Но бабушка уже ничего не слышала. Она вбежала в комнату и лицом вниз бросилась на кровать. Плечи ее вздрагивали.

— Ребята, — с трудом выговорила она, — пылинки чужой… ниточки не взяла… какие бы вы голодные ни были…

Мы с Петькой сильно испугались.


И еще один раз той зимой нам стало жутко. Бабушка уходила на работу после обеда («после обеда» — это не когда что-нибудь поешь, а когда маленькая стрелка ходиков на двух, а большая перешла за цифру 12).

Бабушка шила кому-то платье. За неуплату нам отключили свет, и она торопилась сделать все засветло. Уходя, она оставила нам спички, чтобы разжечь керосинку, как только стемнеет.

— Смотрите, зря их не жгите. Будьте умницами! Я, может, свечку достану…

— Будем, ладно, — заверил бабушку Петька. — Только ты скорей приходи.

Едва отскрипели под бабушкиными валенками половицы в сенях и снег за окнами, он сказал мне:

— Давай съедим хлеб. Хоть по граммчику…

Мы съели весь мякиш, собрали с одеяла и проглотили крошки. У нас остались корочки, напоминающие собой букву «П». Через несколько секунд «П» превратилось в «Г», а еще через мгновение «Г» стало просто палочкой.

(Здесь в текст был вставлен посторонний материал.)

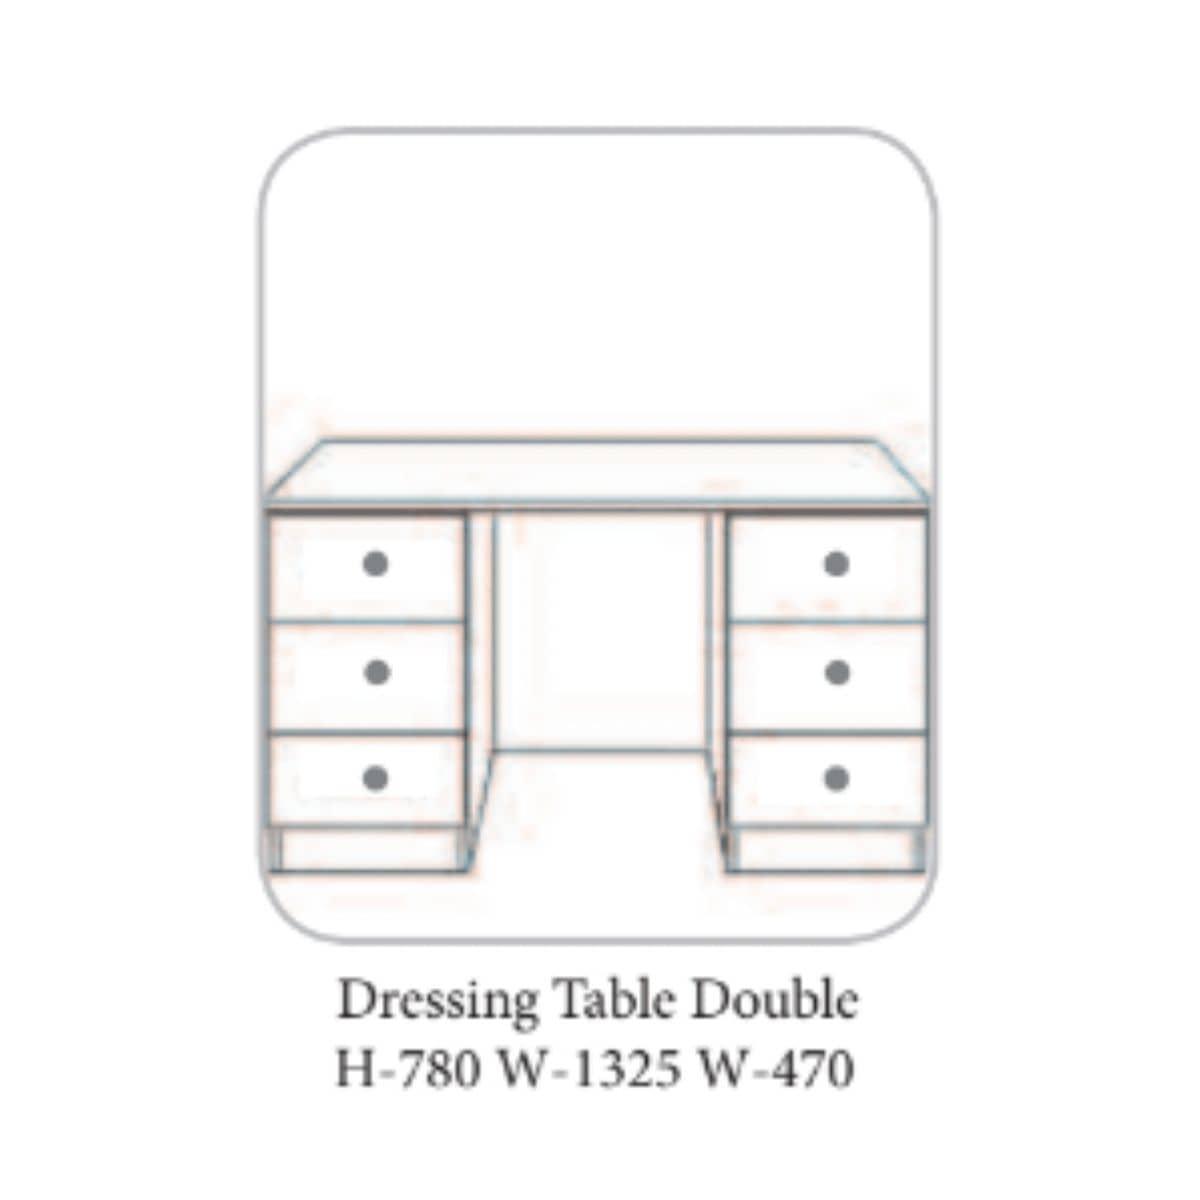 Lee Dressing Table
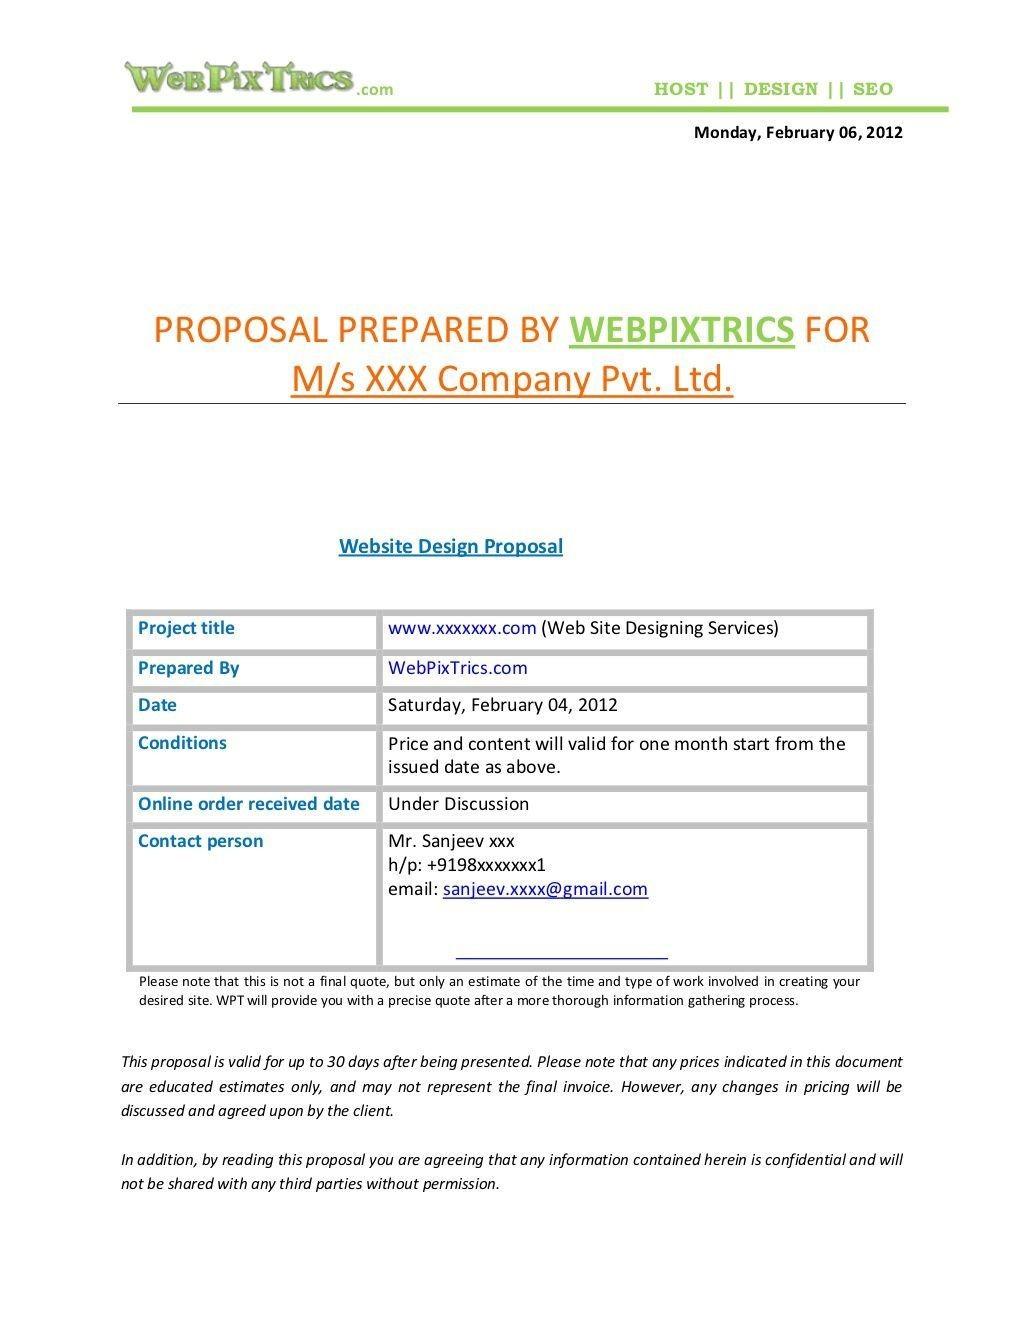 007 Stunning Web Design Proposal Template Free High Definition  Freelance DownloadLarge

— Теперь у нас папиросы. Будем их курить. Так надольше хватит.

Мы «закурили папиросы», и пар, выдыхаемый в холодной комнате, напоминал папиросный дым.

«Папиросы» быстро стали «окурочками». Их трудно было удерживать губами — так они были малы…

С хлебом покончено.

Мы вылезаем из-под одеяла.

— Баба не велела бегать по комнате, — неохотно напоминаю я.

— Откуда она узнает? — Петька уже подскочил к столу и взял не прибранный бабушкой мелок. Им она делала разметку.

— Сейчас я нарисую, знаешь что? Утопленника. Как он стучится под окном и у ворот.

Мелок невелик. Надвое его не разделишь — поэтому рисует только Петька, а я внимательно слежу за его работой.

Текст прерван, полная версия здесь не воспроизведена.